WHAT THE TASK REQUIRES => Output the listing below verbatim, without images.

SOURCE MATERIAL =>
....................

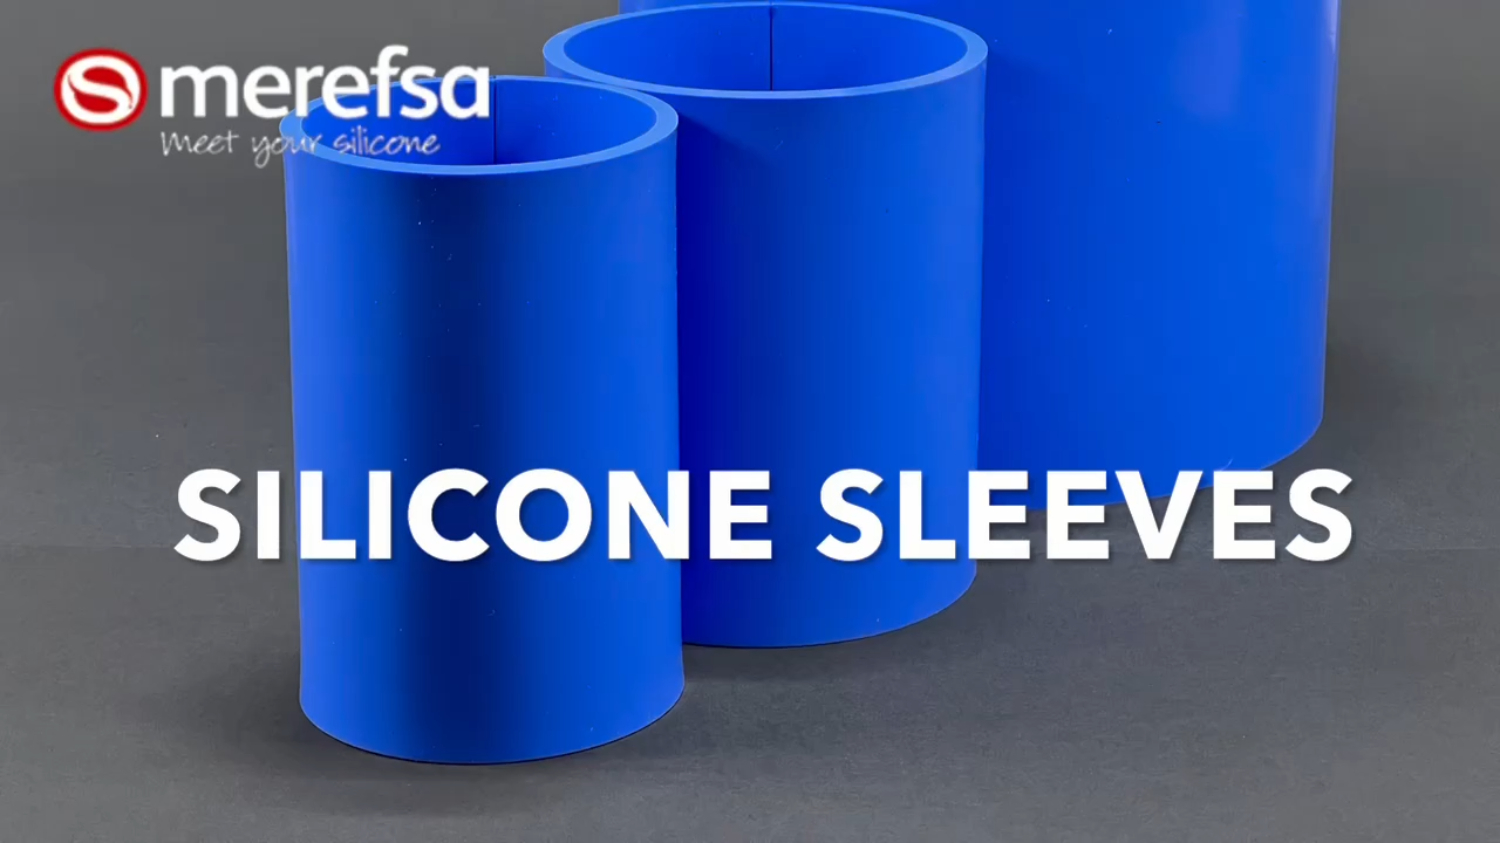 Silicone Sleeves Merefsa
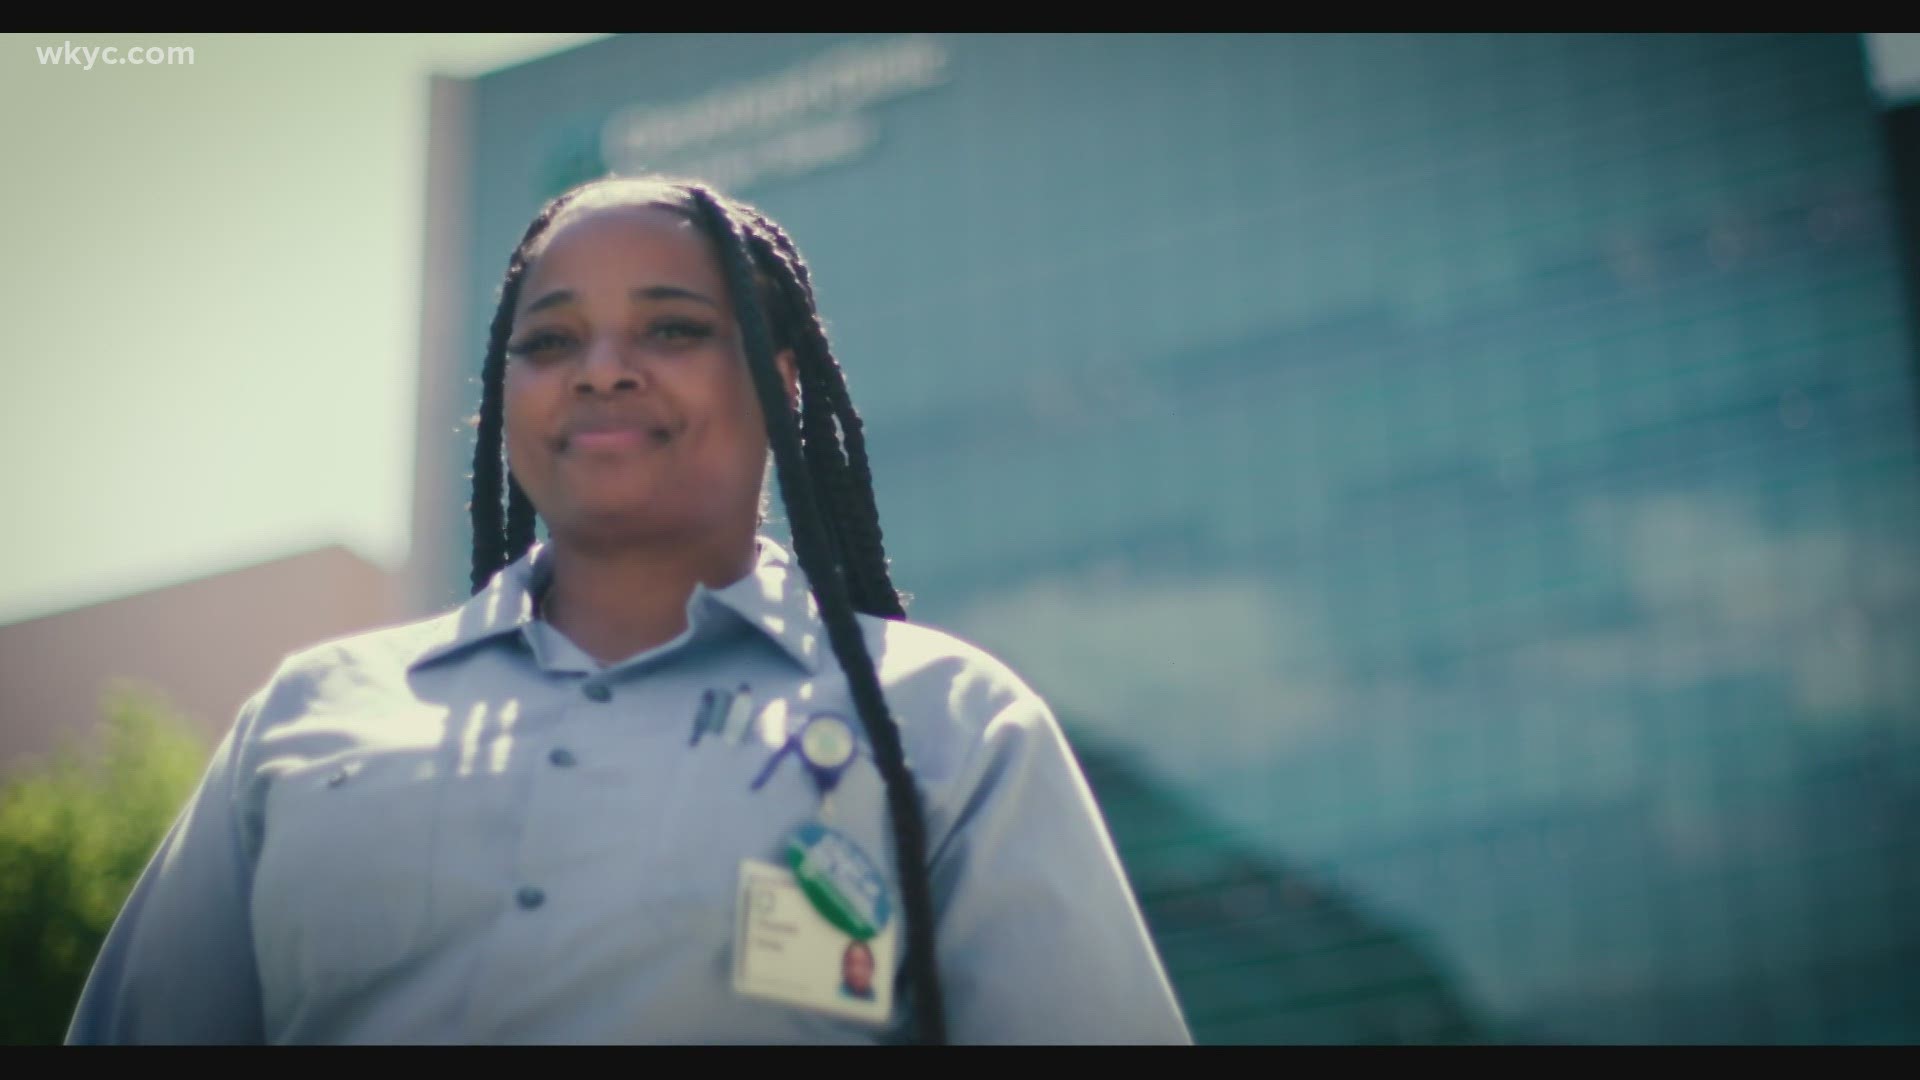 As an EVS worker at the Cleveland Clinic, Shantel Hicks not only cleans rooms; she truly cares for patients. Chris Webb has her story.
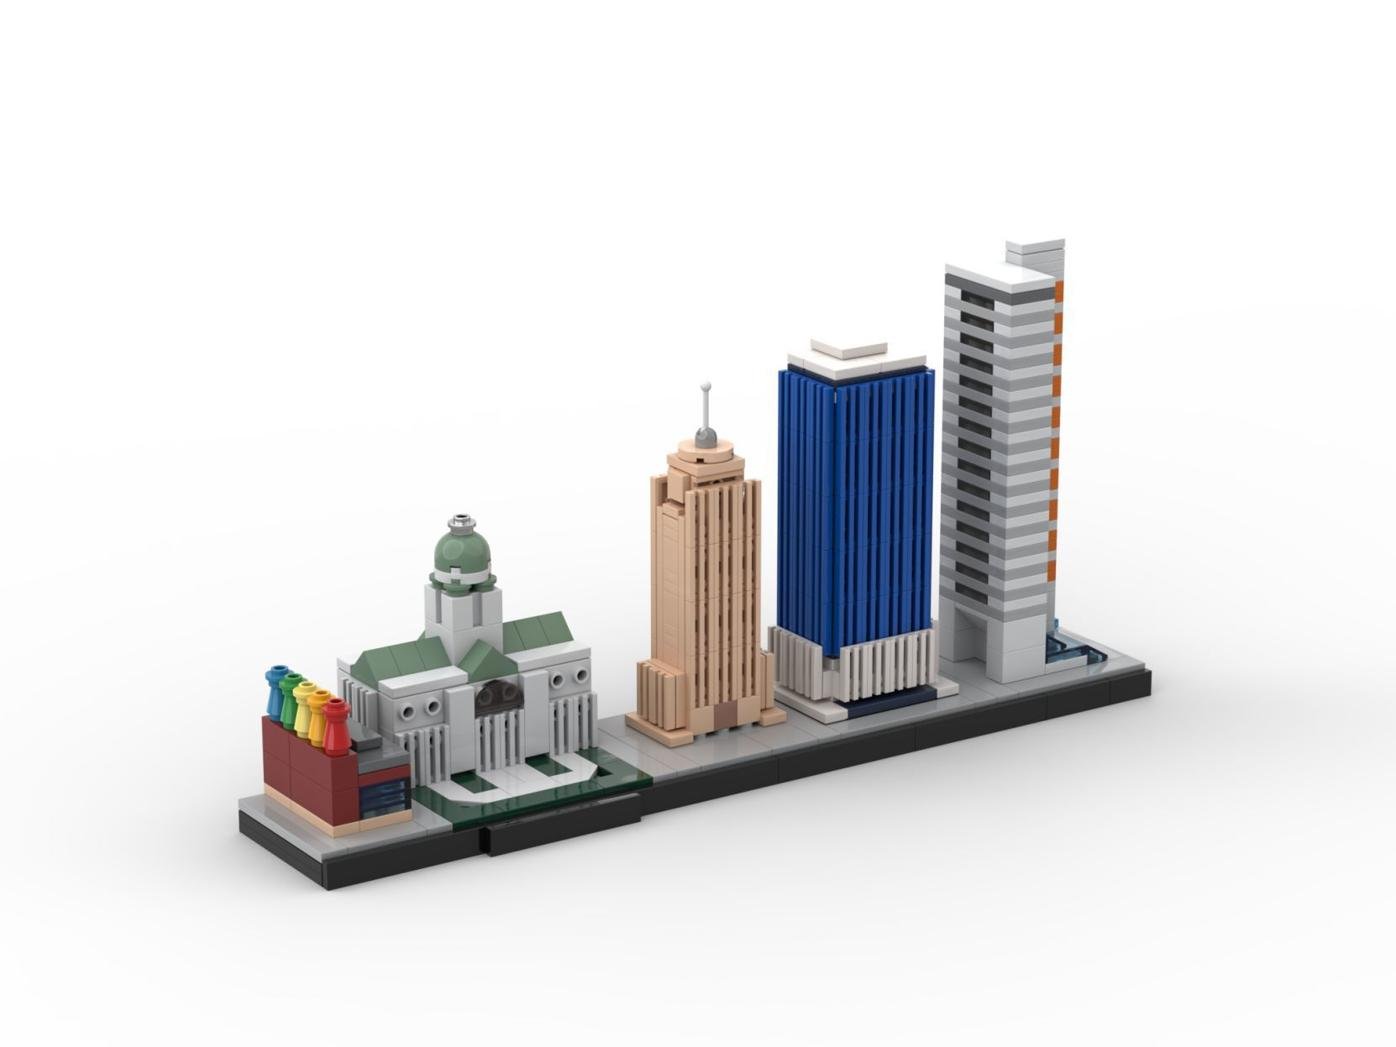 Shanghai 21039 | Architecture | Buy online at the Official LEGO® Shop US
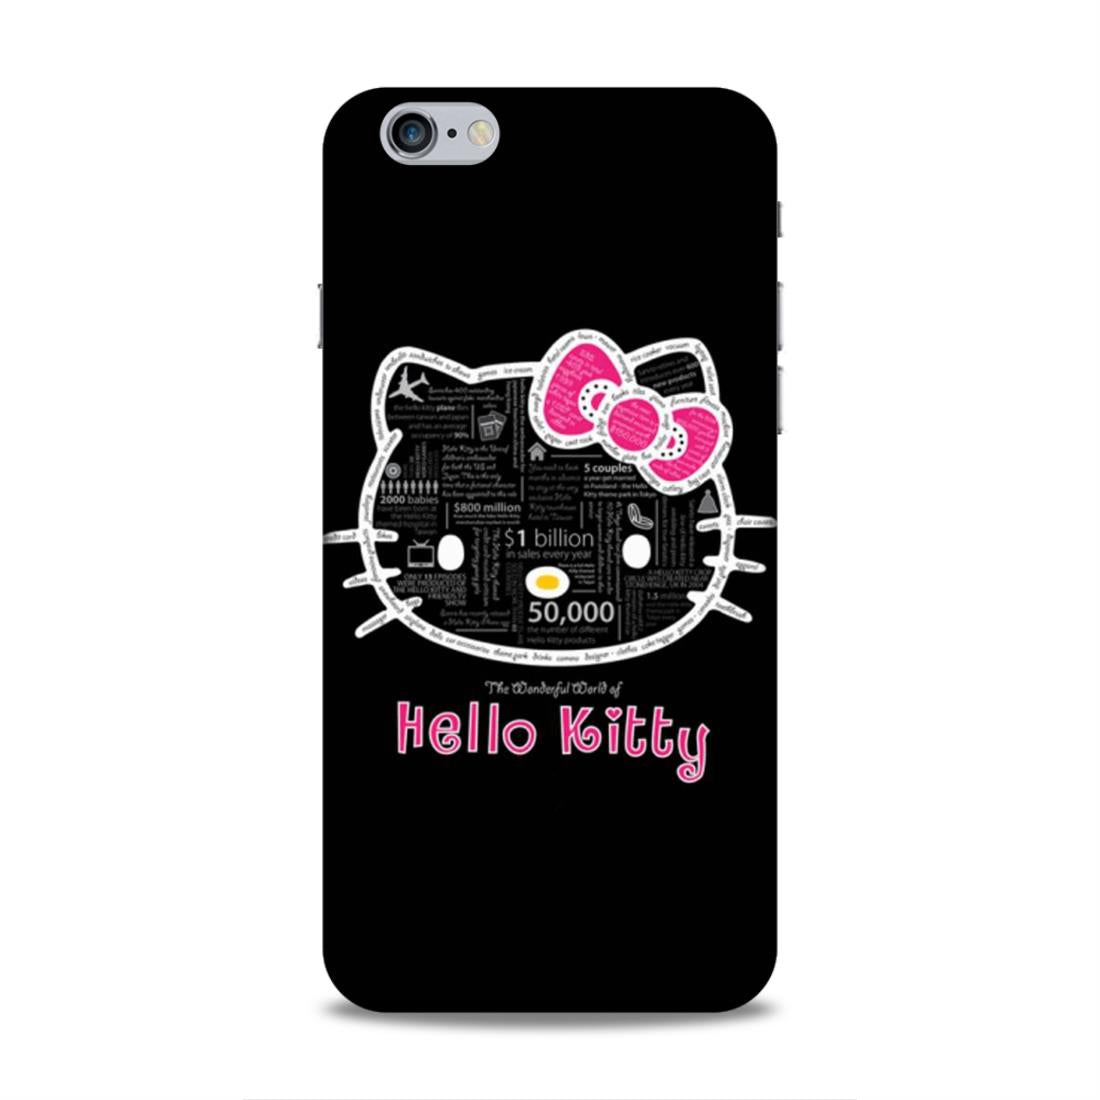 Hello Kitty Hard Back Case For Apple iPhone 6 Plus / 6s Plus

....................

YOUR SOLUTION =>
 Silicone Sleeves Merefsa
 As an EVS worker at the Cleveland Clinic, Shantel Hicks not only cleans rooms; she truly cares for patients. Chris Webb has her story.
 Shanghai 21039 | Architecture | Buy online at the Official LEGO® Shop US
 Hello Kitty Hard Back Case For Apple iPhone 6 Plus / 6s Plus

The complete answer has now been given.